One of the biggest challenge of this problem is that the **target is imbalanced** as only ** %** cases are fraud transactions. But the advantage of the representation learning approach is that it is still able to handle such imbalance nature of the problems. We will look how.  For our use-case let's take only about 1000 rows of non-fraud transactions. 

## Consider only 1000 rows of non fraud cases

In [None]:
# We consider Fraud Like "1" and Not Fraud like "0"
non_fraud = data[data['Class'] == 0].sample(1000)
fraud = data[data['Class'] == 1]

df = non_fraud.append(fraud).sample(frac=1).reset_index(drop=True)
X = df.drop(['Class'], axis = 1).values
Y = df["Class"].values

## 2. Visualize Fraud and NonFraud Transactions 

Let's visualize the nature of fraud and non-fraud transactions using T-SNE. T-SNE (t-Distributed Stochastic Neighbor Embedding) is a dataset decomposition technique which reduced the dimentions of data and produces only top n components with maximum information.  

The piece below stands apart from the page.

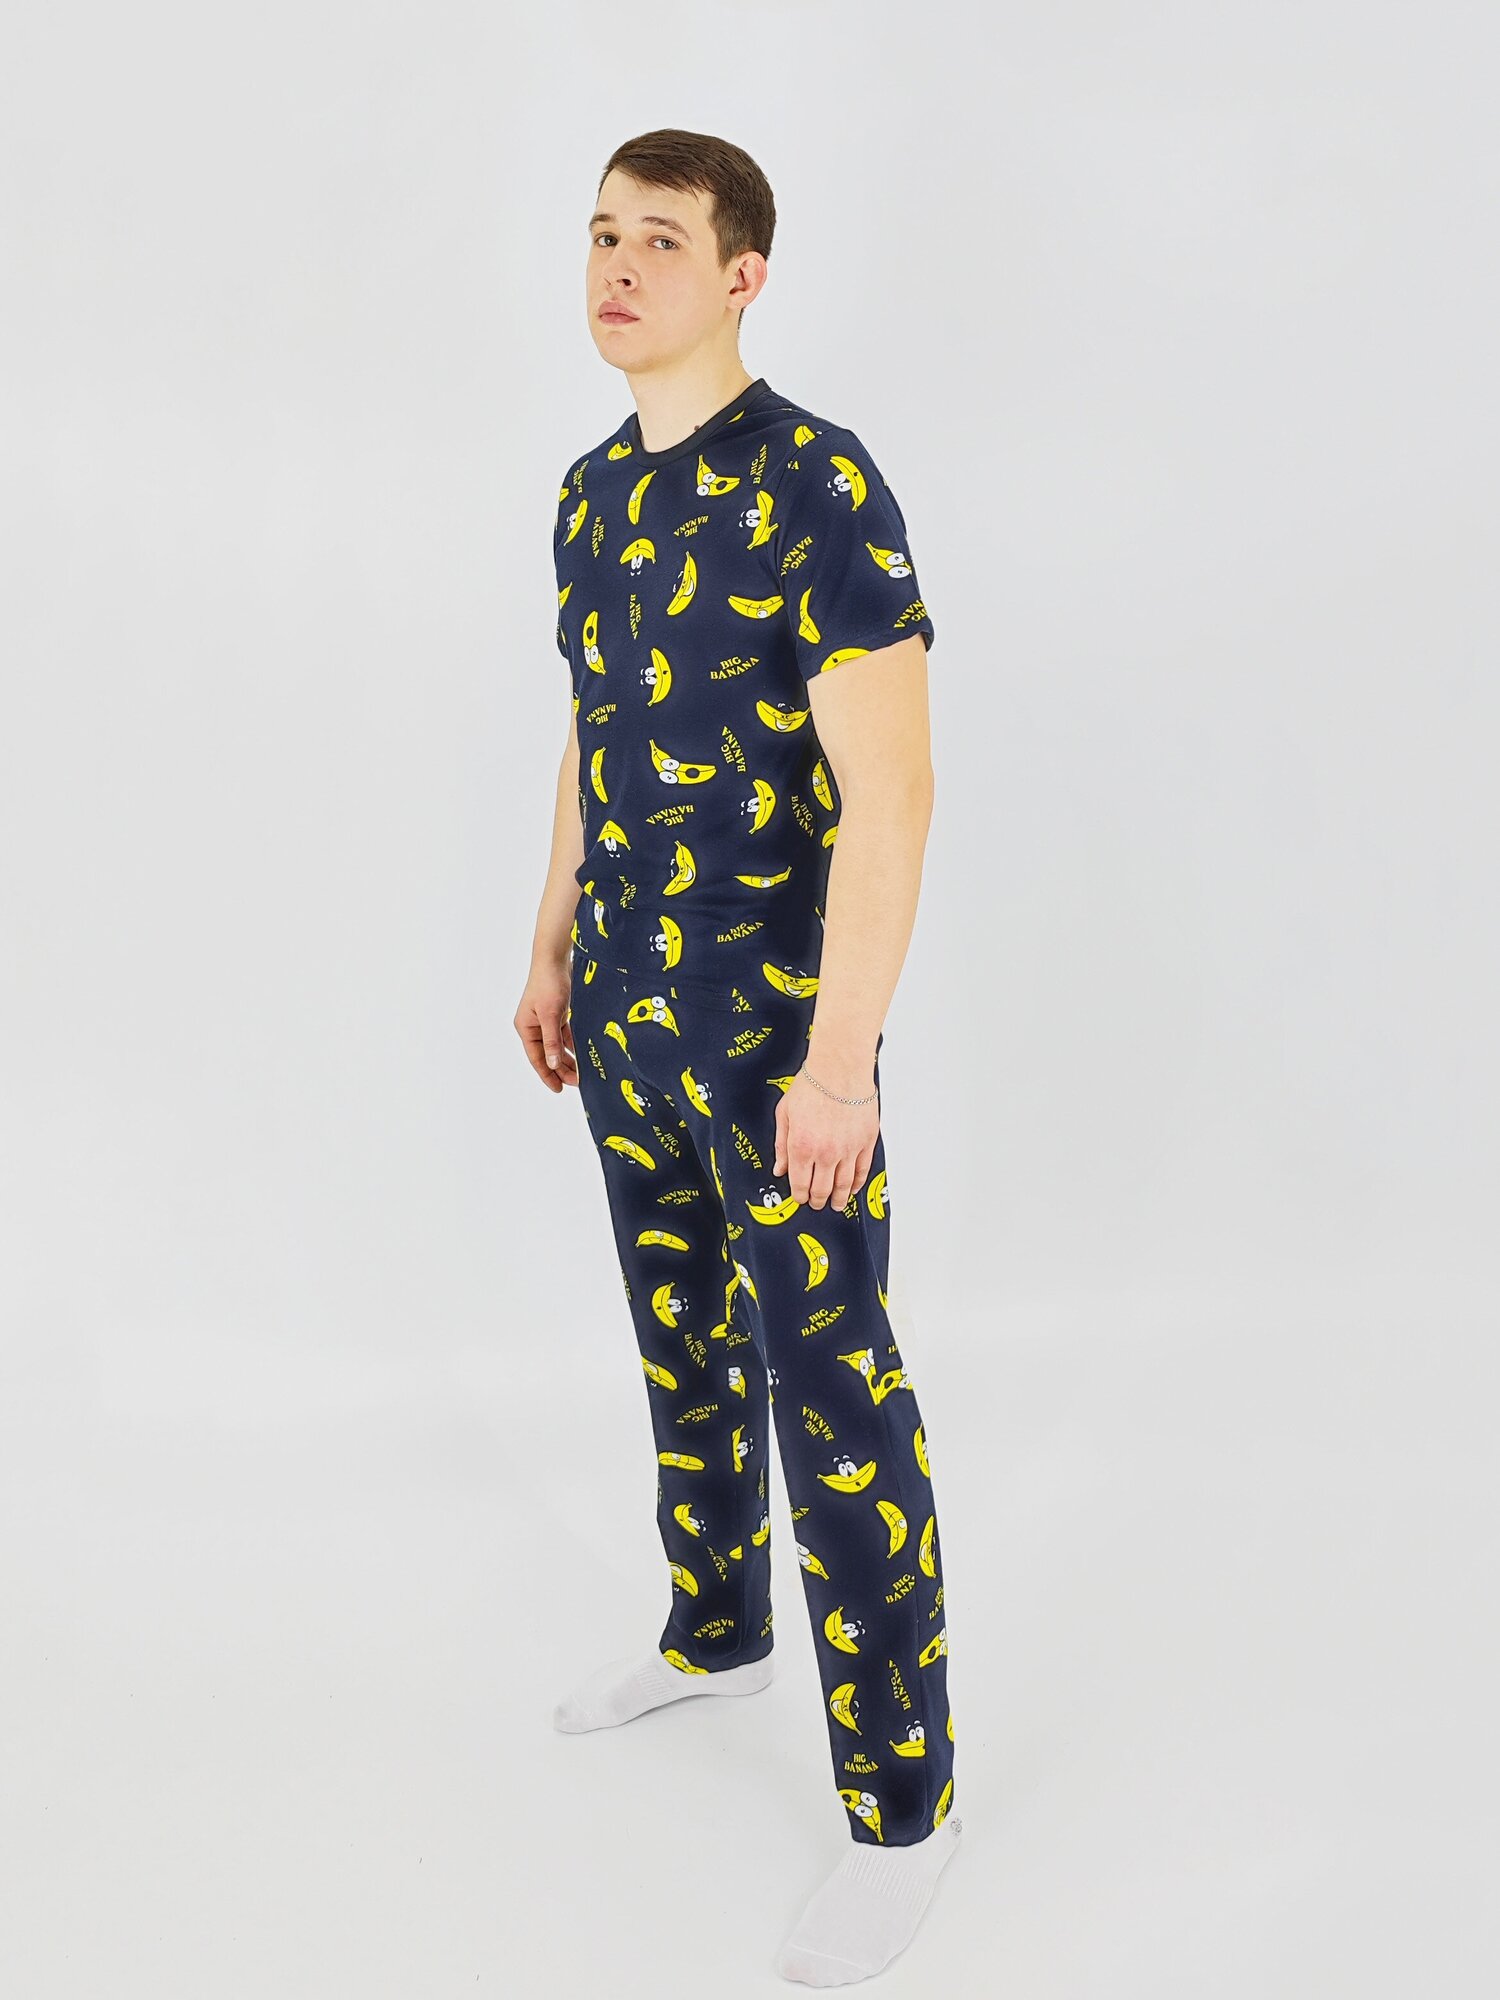 Мужская пижама, мужской пижамный комплект ARISTARHOV, Футболка + Брюки, Бананчик, синий желтый, размер 46 - фотография № 5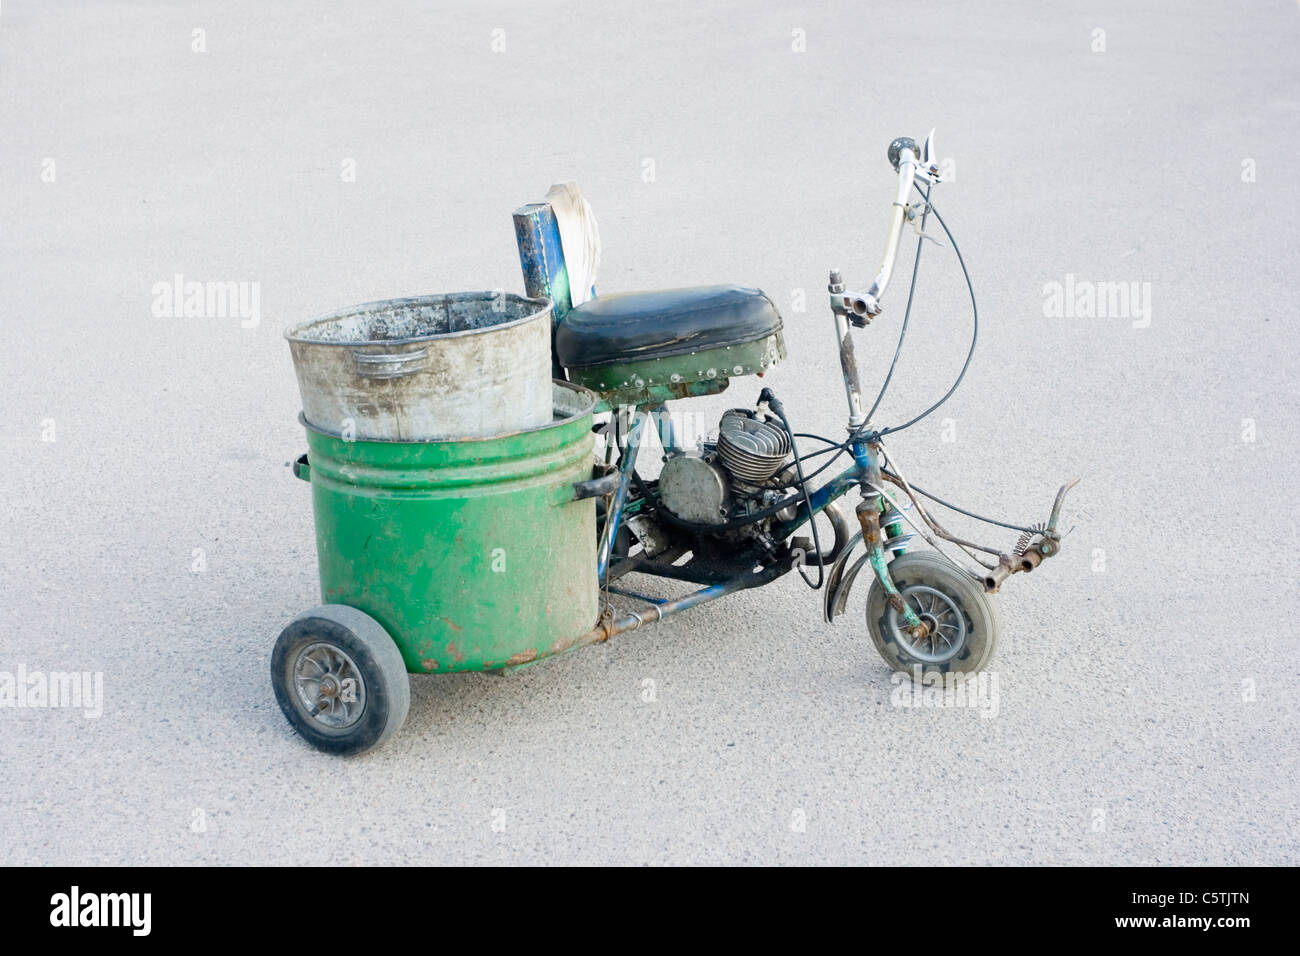 Scooter de tres ruedas caseras de diseño sencillo. Contra el telón de fondo del asfalto Foto de stock

Every dot in the following represents a transaction. Non Fraud transactions are represented as Green while Fraud transactions are represented as Red. The two axis are the components extracted by tsne. 

In [None]:
def tsne_plot(x1, y1, name="graph.png"):
    tsne = TSNE(n_components=2, random_state=0)
    X_t = tsne.fit_transform(x1)

    plt.figure(figsize=(12, 8))
    plt.scatter(X_t[np.where(y1 == 1), 0], X_t[np.where(y1 == 1), 1], marker='o', color='r', linewidth=1, alpha=0.8, label='Fraud')
    plt.scatter(X_t[np.where(y1 == 0), 0], X_t[np.where(y1 == 0), 1], marker='o', color='g', linewidth=1, alpha=0.8, label='Non Fraud')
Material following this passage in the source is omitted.